If it's dividends you seek, consider many factors

Dollars & Sense

January 19, 2003|By David Kathman | David Kathman,MORNINGSTAR.COM

What kinds of investments would be more attractive if double taxation of dividends gets cut or eliminated altogether?

This question actually arose on our message boards, but it's worth addressing here because of all the attention being given to President Bush's economic plan. As you've probably heard, a significant part of that proposal involves making stock dividends from companies that pay corporate income tax tax-free for shareholders. Here's some background, along with some opinions as to what it all means.

Dividend yields these days are lower than ever, and a lot of people have laid at least part of the blame on the U.S. tax code. Corporations have to pay taxes on the money they pay out as dividends, and shareholders then have to pay taxes on that money after they receive it; thus, it's taxed twice. Furthermore, income from dividends is taxed as ordinary income, whereas capital gains are taxed at a lower rate, making them more desirable for shareholders.

These tax rules have been significant factors in the decline of dividends over the past couple of decades, although other factors are at work. There's been a general move away from returning money to shareholders directly through dividends (with the accompanying tax burden) and toward returning it indirectly, through such means as share buybacks. In fact, a lot of the money that companies used to spend on dividends now goes toward buying back stock, which theoretically boosts the share price.

But the brutal bear market of the past three years has made dividends look a lot more attractive, since they're paid rain or shine, regardless of the market's gyration. (Well, usually they are - see below.) That doesn't mean the president's plan hasn't attracted controversy, as any tax-cut proposal will.

Even among those who agree that the double taxation of dividends should end, some critics argue that dividends should be tax-free not for shareholders, but for corporations (i.e., through tax deductions). That way, companies would have a stronger incentive to pay dividends.

Under the Bush proposal, not only would companies have no such direct incentive, but people who hold stocks in tax-sheltered accounts would have no reason to demand dividends. I tend to agree with such arguments, though in this post-Enron climate, a tax break perceived as benefiting corporations would be much tougher to sell than one perceived as benefiting shareholders.

Politics aside, I think encouraging companies to pay dividends (by whatever means) is a good thing for the long-term health of the stock market. Dividends are tangible, and companies can't fudge them as they can earnings - either a company pays out the dividend it promised, or it doesn't. Lots of firms that don't pay dividends probably should, particularly if they can't generate a return on that money that's higher than their cost of capital. Plenty of money has been wasted on ill-conceived mergers and projects when it could have been returned to shareholders to do with as they please.

If the president succeeds in eliminating taxes on most dividends, what will it mean for you? Most obviously, you'll benefit if you own dividend-paying stocks in a taxable account. These are good characteristics to look for: companies with wide moats, dividend yields above 2 percent, five straight years of dividend growth and 10 straight years of free cash flow.

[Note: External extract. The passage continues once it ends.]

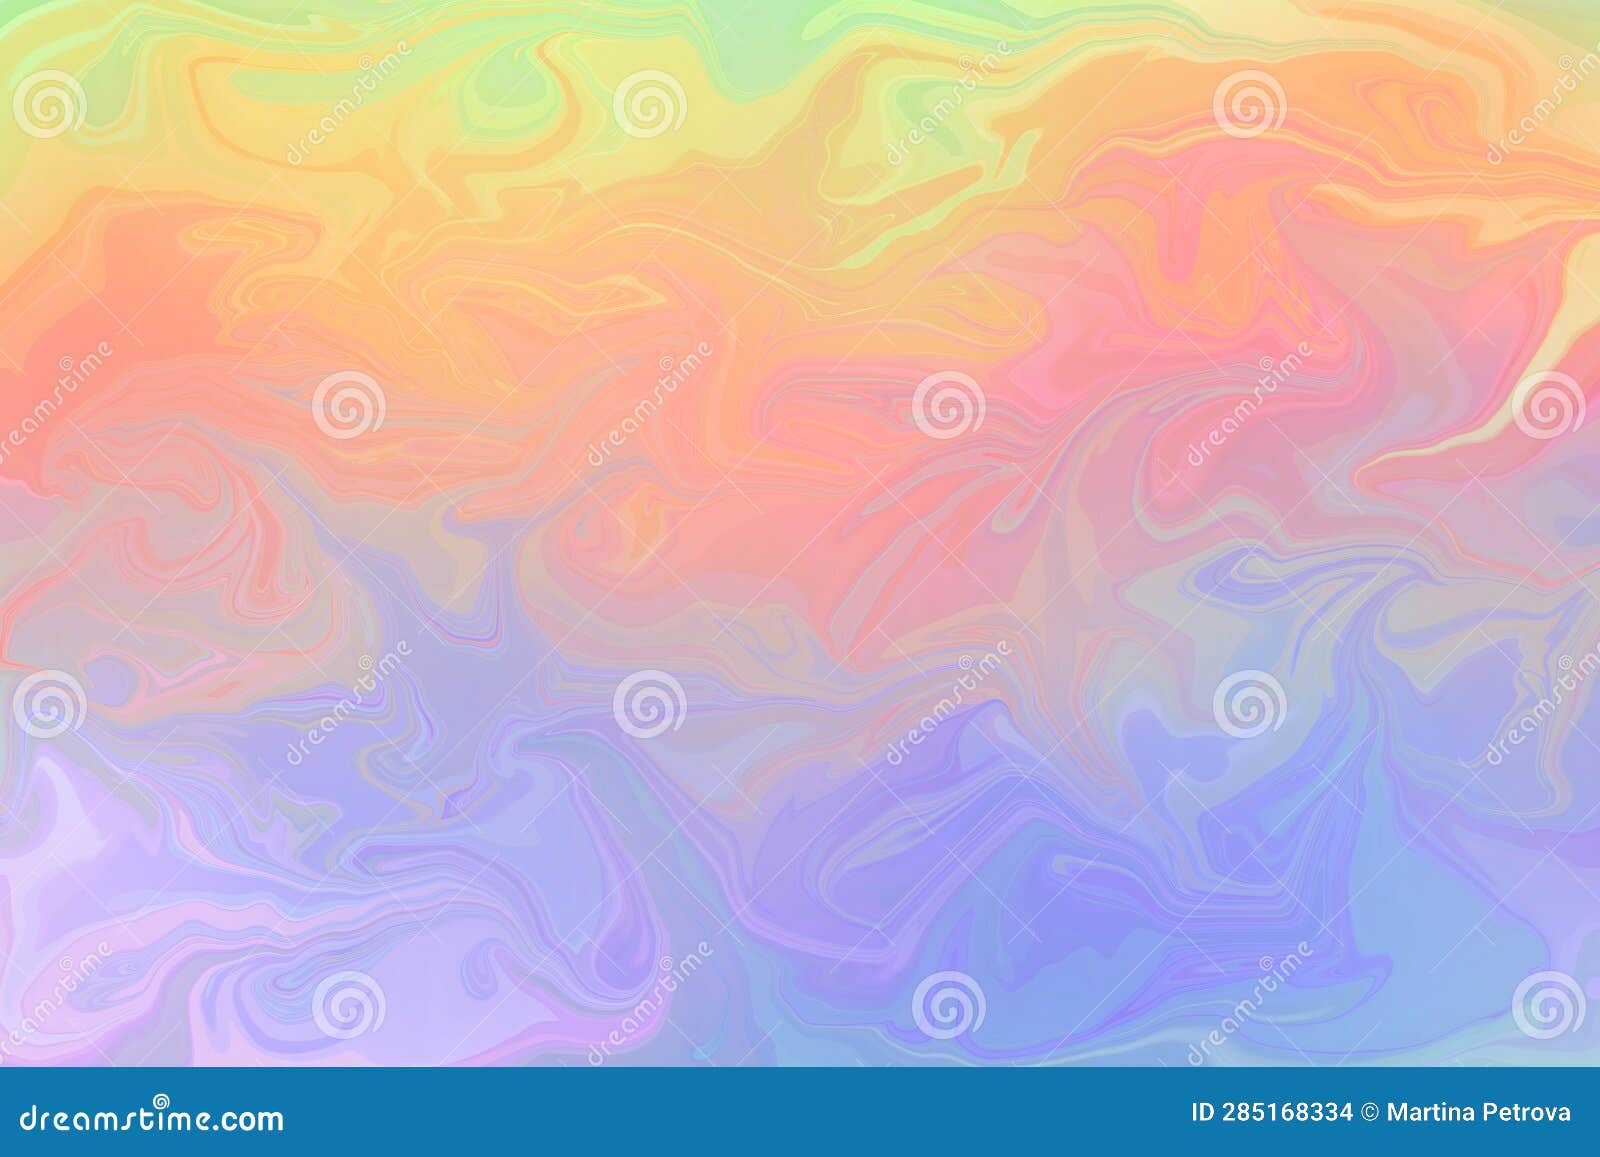 background, blending pastel shades of yellow, pink, orange and blue reminiscent of oil slicks
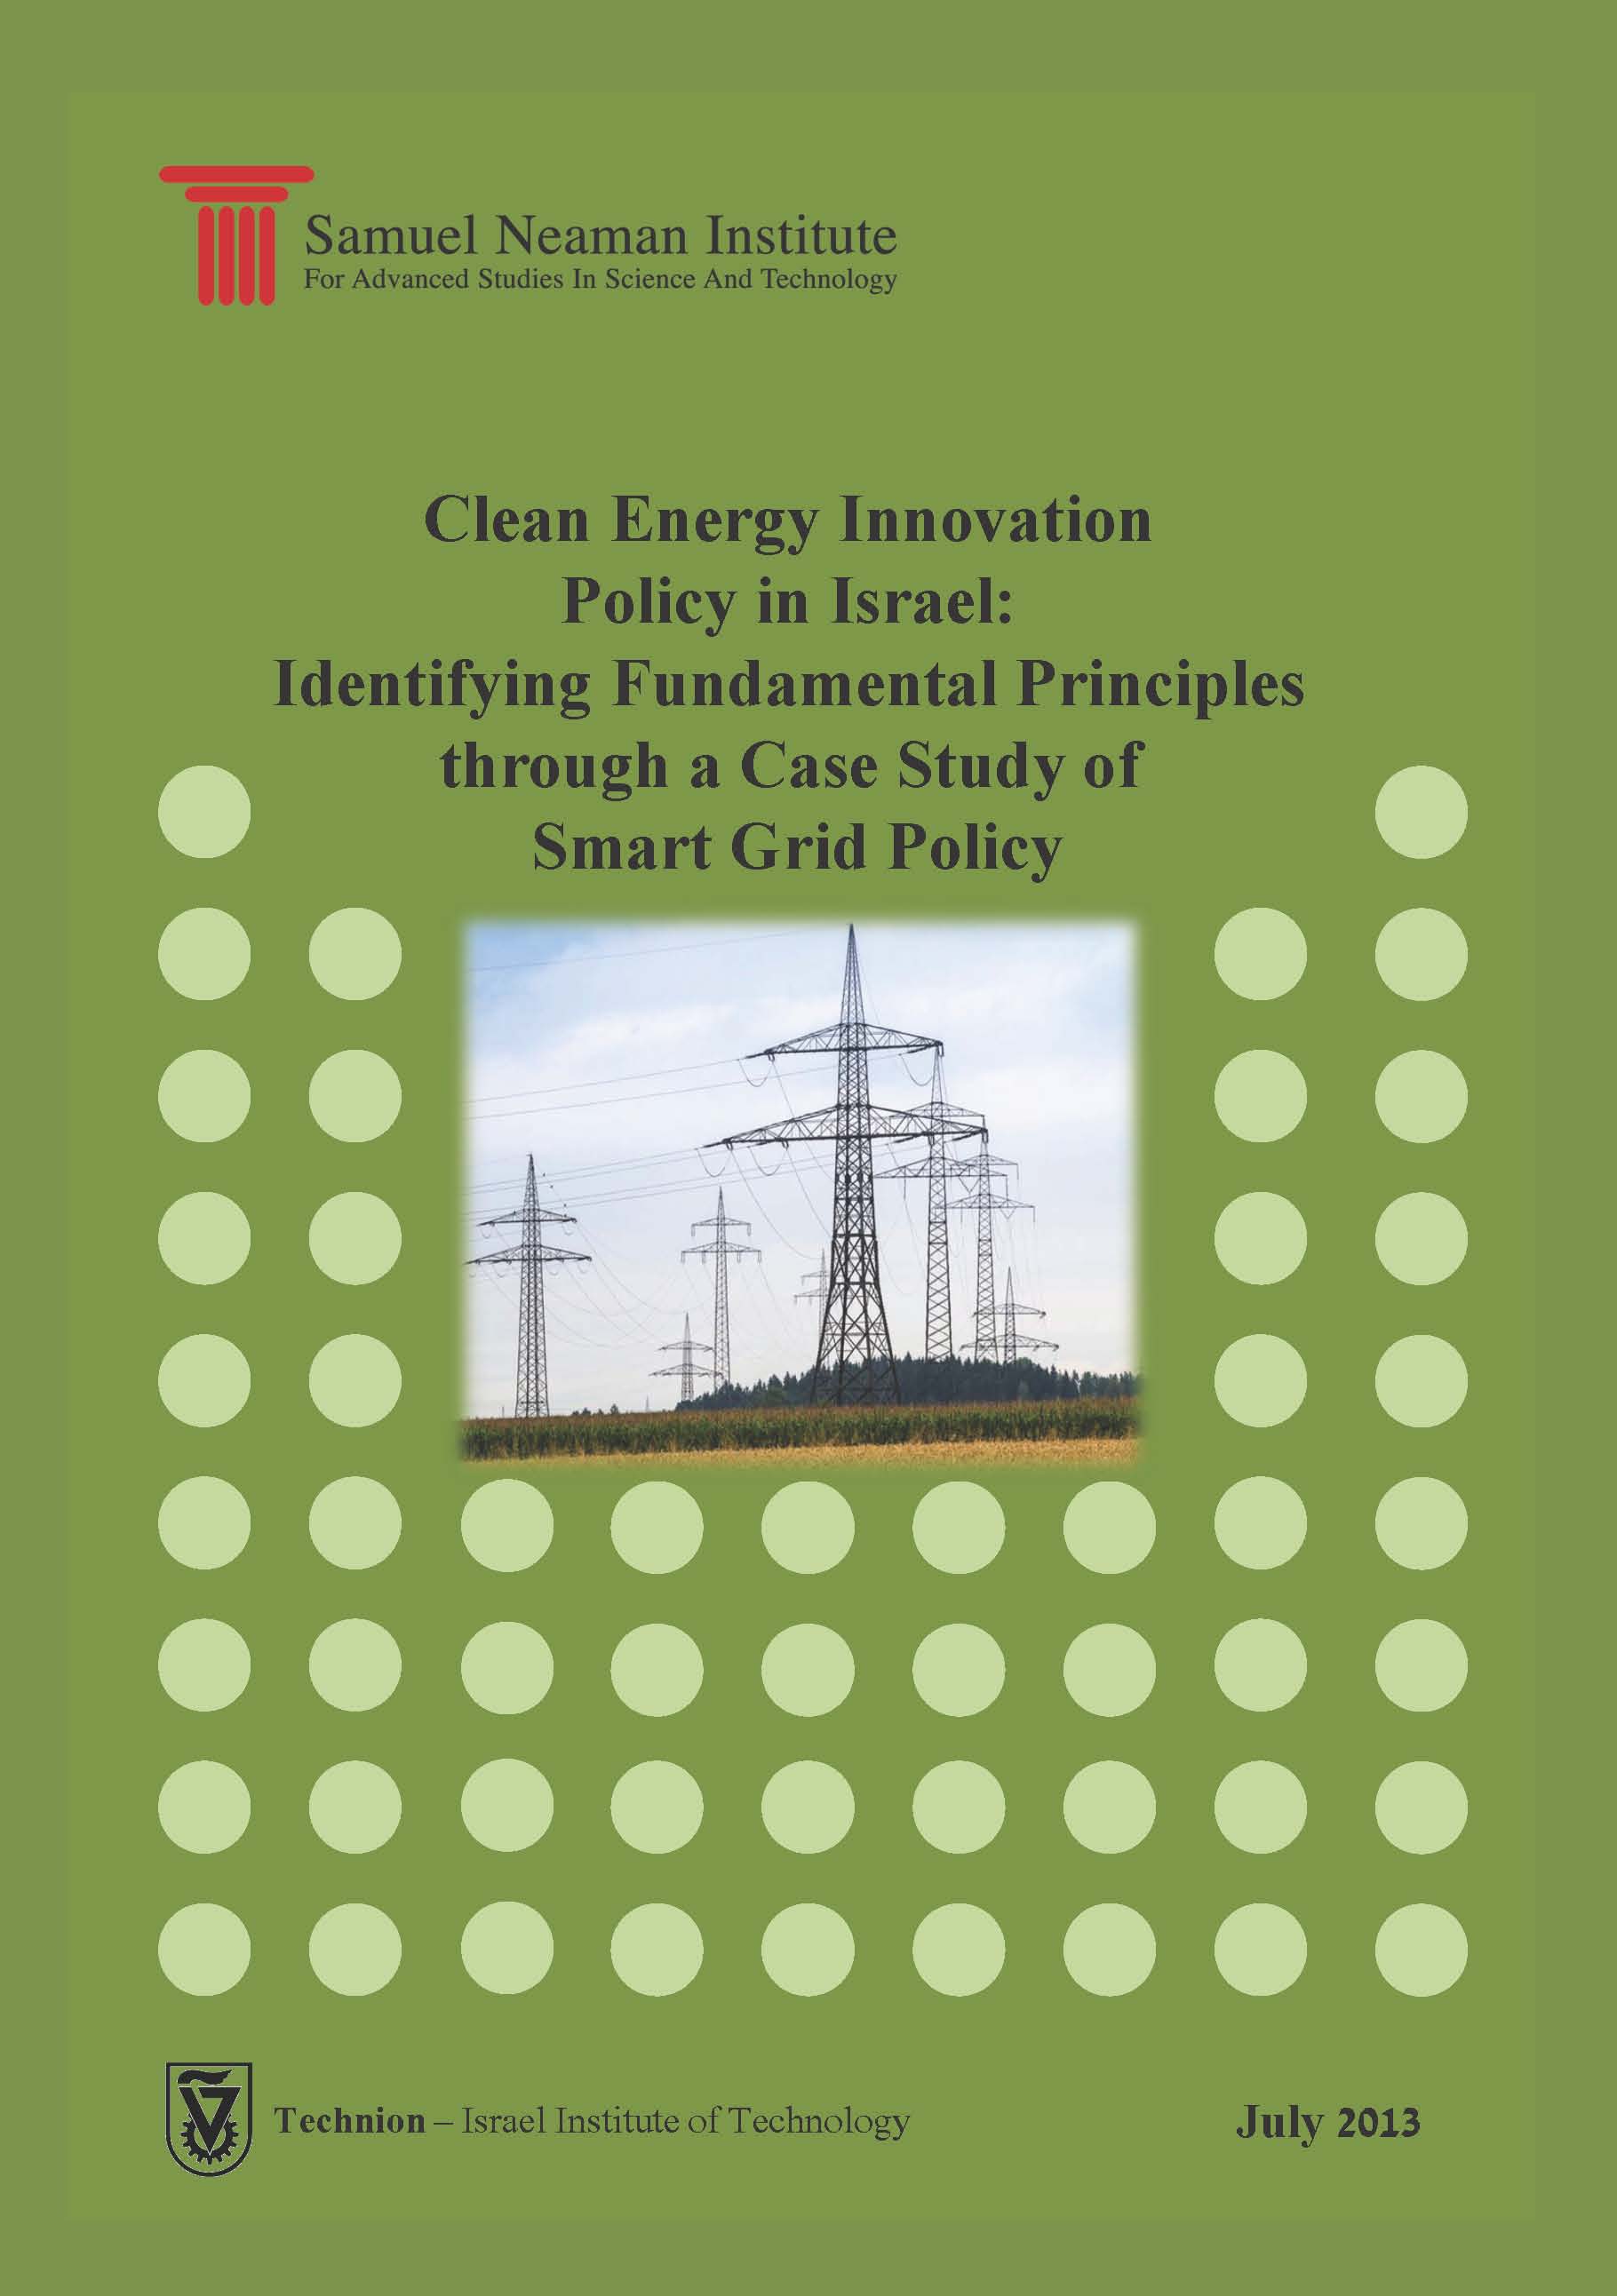 Clean Energy Innovation Policy in Israel: Identifying Fundamental Principles through a Case Study of Smart Grid Policy

A high dividend yield is a positive, but you want to make sure that the company is stable enough to keep paying its dividend. A similar but broader list is Mergent's Dividend Achievers, consisting of companies that have increased their dividend in each of the past 10 years.

Other factors should be taken into consideration as well. We excluded REITs (real estate investment trusts) from our list, and with good reason. REIT earnings are already not taxed at the corporate level, so REITs are unlikely to be included in the Bush proposal and may actually be hurt as investors turn toward other income-producing investments. Among non-REITs, financial health is also important; companies with tons of debt and little cash may be more likely to cut dividends in the future in order to shore up their balance sheets, especially if they have operational problems.

Then there's the question of mutual funds. Investors who own mutual funds with a lot of high-yielding stocks would benefit, since the income distributions they receive from those funds would presumably become tax-free under the Bush plan.

But the fund's expense ratio also comes into the picture: Because funds subtract their operating expenses from such distributions before those distributions reach shareholders, owners of low-cost funds would reap greater tax benefits. (For example, shareholders of a fund such as Vanguard Equity-Income, which has a yield of 2.6 percent and an expense ratio of just 0.47 percent, would benefit from the plan.)

Of course, a lot depends on whether the Bush tax-cut plan goes through (it's still far from a sure thing), and what form it takes if it does. I wouldn't want to buy any stock just as a bet on the elimination of dividend taxes. But if you're looking for income anyway, the proposed changes would probably help.